Investigators found that in genotype 2 and 3 patients the 24-week course of therapy was as effective as 48 weeks and better tolerated.  In the weight-based Rebetol dosing arms, the rate of sustained virologic response (SVR) [2] was 68 percent for the 24-week course compared to 60 percent for the 48-week course, with the lower percentage attributable to more missing follow-up data. 

In the 24-week arm, patients with genotype 2 had a higher SVR and lower relapse rate than those with genotype 3 (72 percent vs. 60 percent and 6 percent vs. 10 percent, respectively).  Investigators concluded that higher, weight-based doses of ribavirin appear to be necessary to achieve similar SVR rates in genotype 3 patients. 

Multivariate analyses showed that genotype 2, less advanced fibrosis and 24 weeks of therapy were significant predictors of SVR.  Safety and rates of drug discontinuation were similar between the treatment groups.

A short-coming in conducting large community-based HCV studies such as WIN-R, as opposed to registration trials with their more intensive monitoring capabilities, is the tendency for a high rate of patients to miss their follow-up viral testing (PCR) visit 24 weeks after treatment ends due to the limited ability of many sites to conduct rigorous monitoring of patients once they have received their final treatment dose. 

In the WIN-R study overall, 13.1 percent (164/1,256) of patients in the weight-based dose group and 13.7 percent (163/1,193) of patients in the fixed-dose group who were responders at the end of treatment were lost to follow up and subsequently counted as treatment failures under a strict intent-to-treat (ITT) analysis.

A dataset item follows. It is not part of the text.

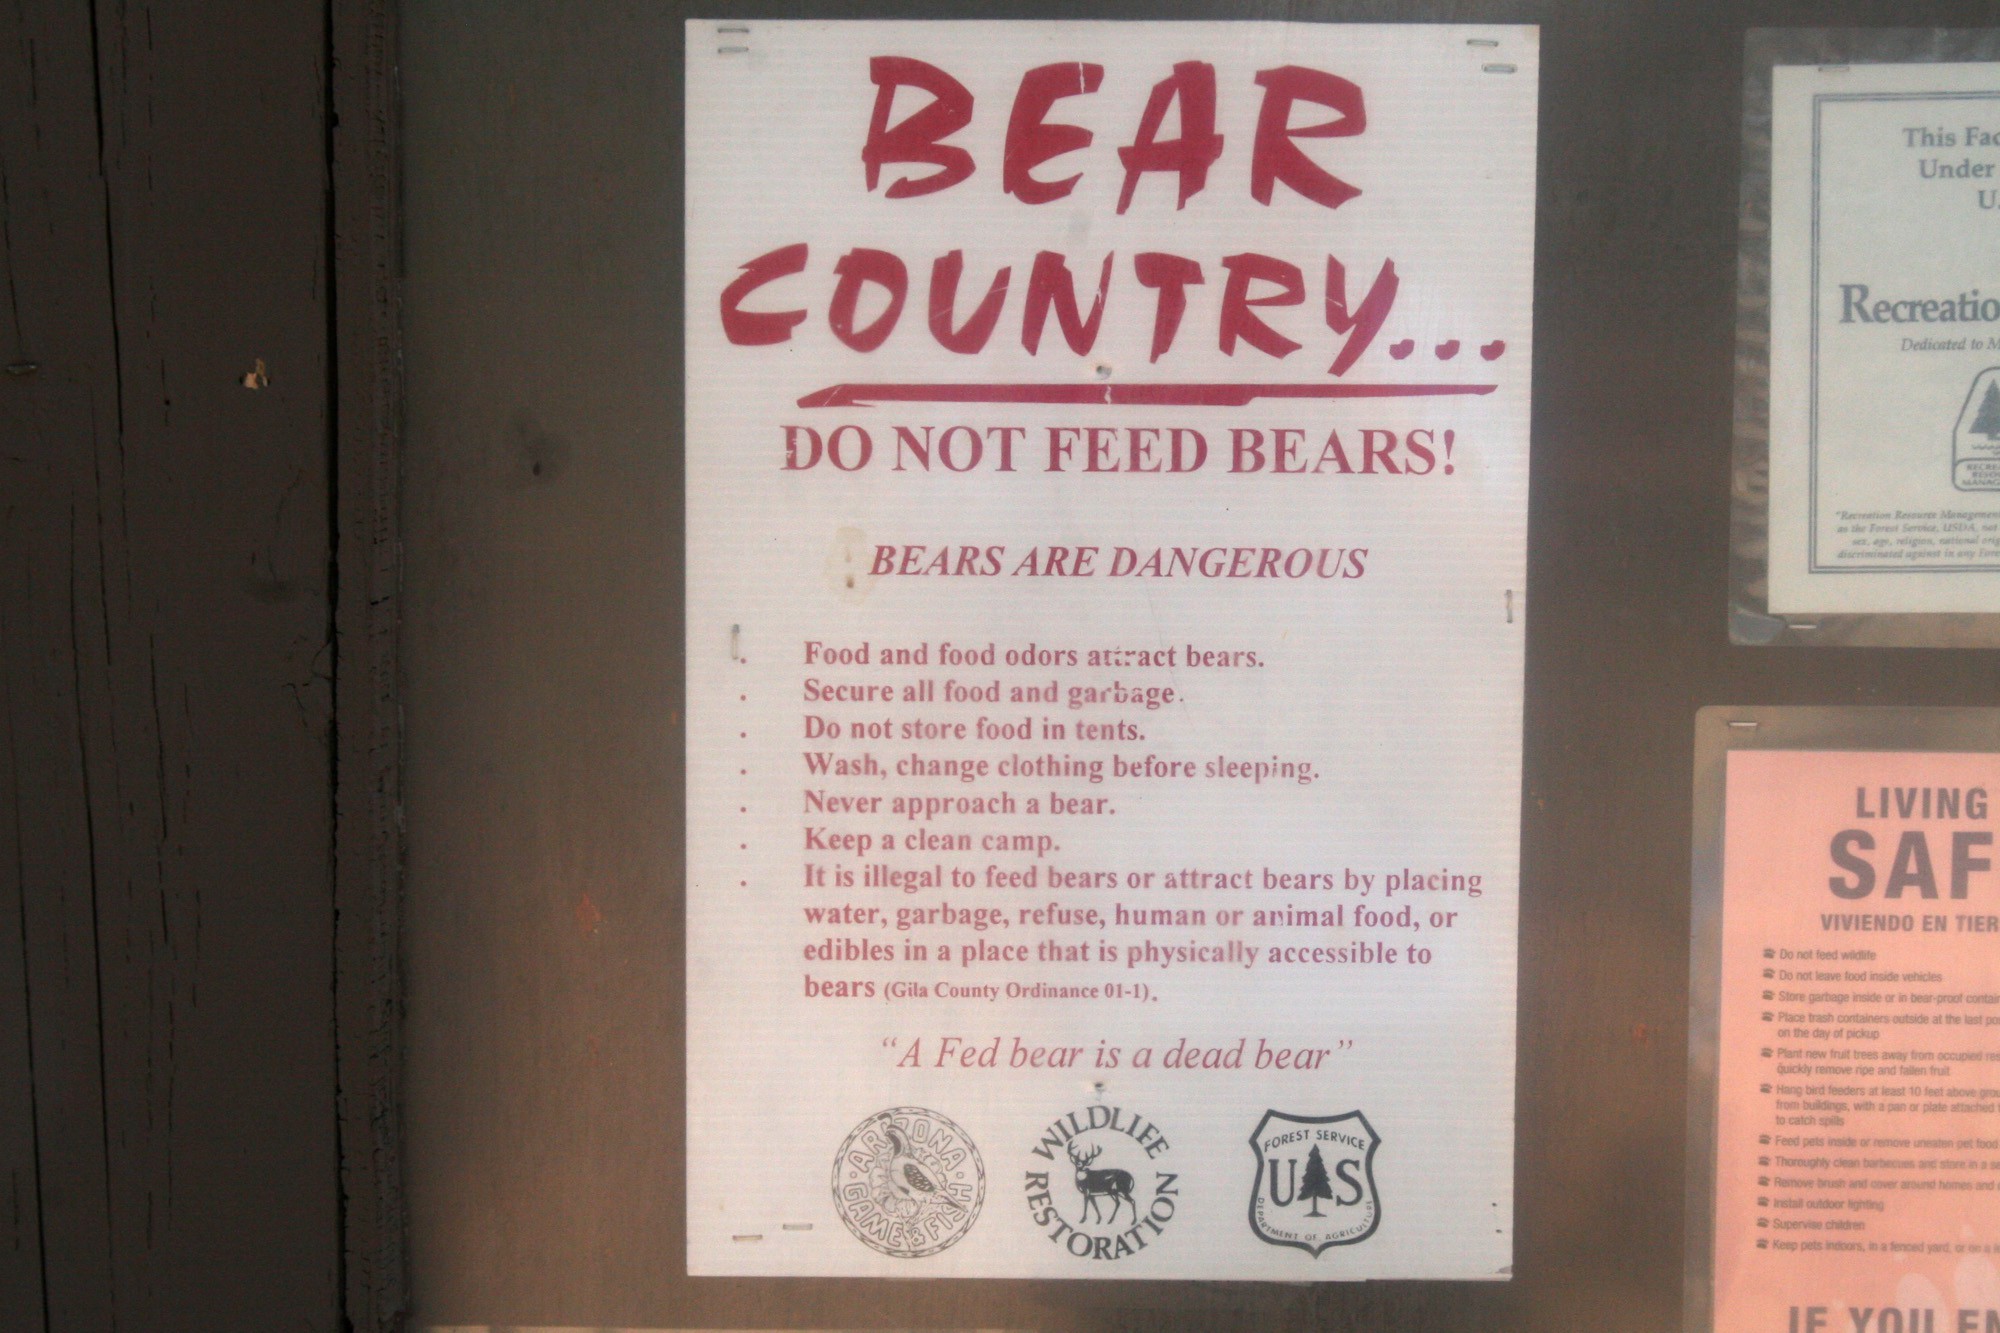 A Bear Aware campaign by the U.S. Forest Service and the Arizona Game and Fish Department alerts campers to ways they can help minimize the chance of attracting bears.

WIN-R was an investigator-initiated clinical study supported by Schering-Plough Corporation and monitored by Schering-Plough Research Institute as part of a post-marketing commitment to the U.S. Food and Drug Administration (FDA).  PegIntron and Rebetol are registered trademarks of Schering-Plough.

05/02/06

Source
Cornell/Columbia Medical Centers. WIN-R Study Demonstrates Efficacy of Shorter PEG-INTRON and REBETOL Regimen in Hepatitis C Patients with Genotype 2 or 3 Virus. Press Release. April 29, 2006.

References

1.  R S Brown, I M Jacobson, N Afdahl, and others (the WIN-R Study Group). DIFFERENCES IN TREATMENT OUTCOME TO ANTIVIRAL THERAPY BASED ON GENOTYPE AND VIRAL LOAD IN HEPATITIS C GENOTYPES 2 AND 3 IN THE WIN-R TRIAL Abstract 41 (Oral). 41st EASL. April 26-29, 2006. Vienna, Austria.

2.  SVR is defined as undetectable virus (HCV RNA) levels 24 weeks after the end of treatment.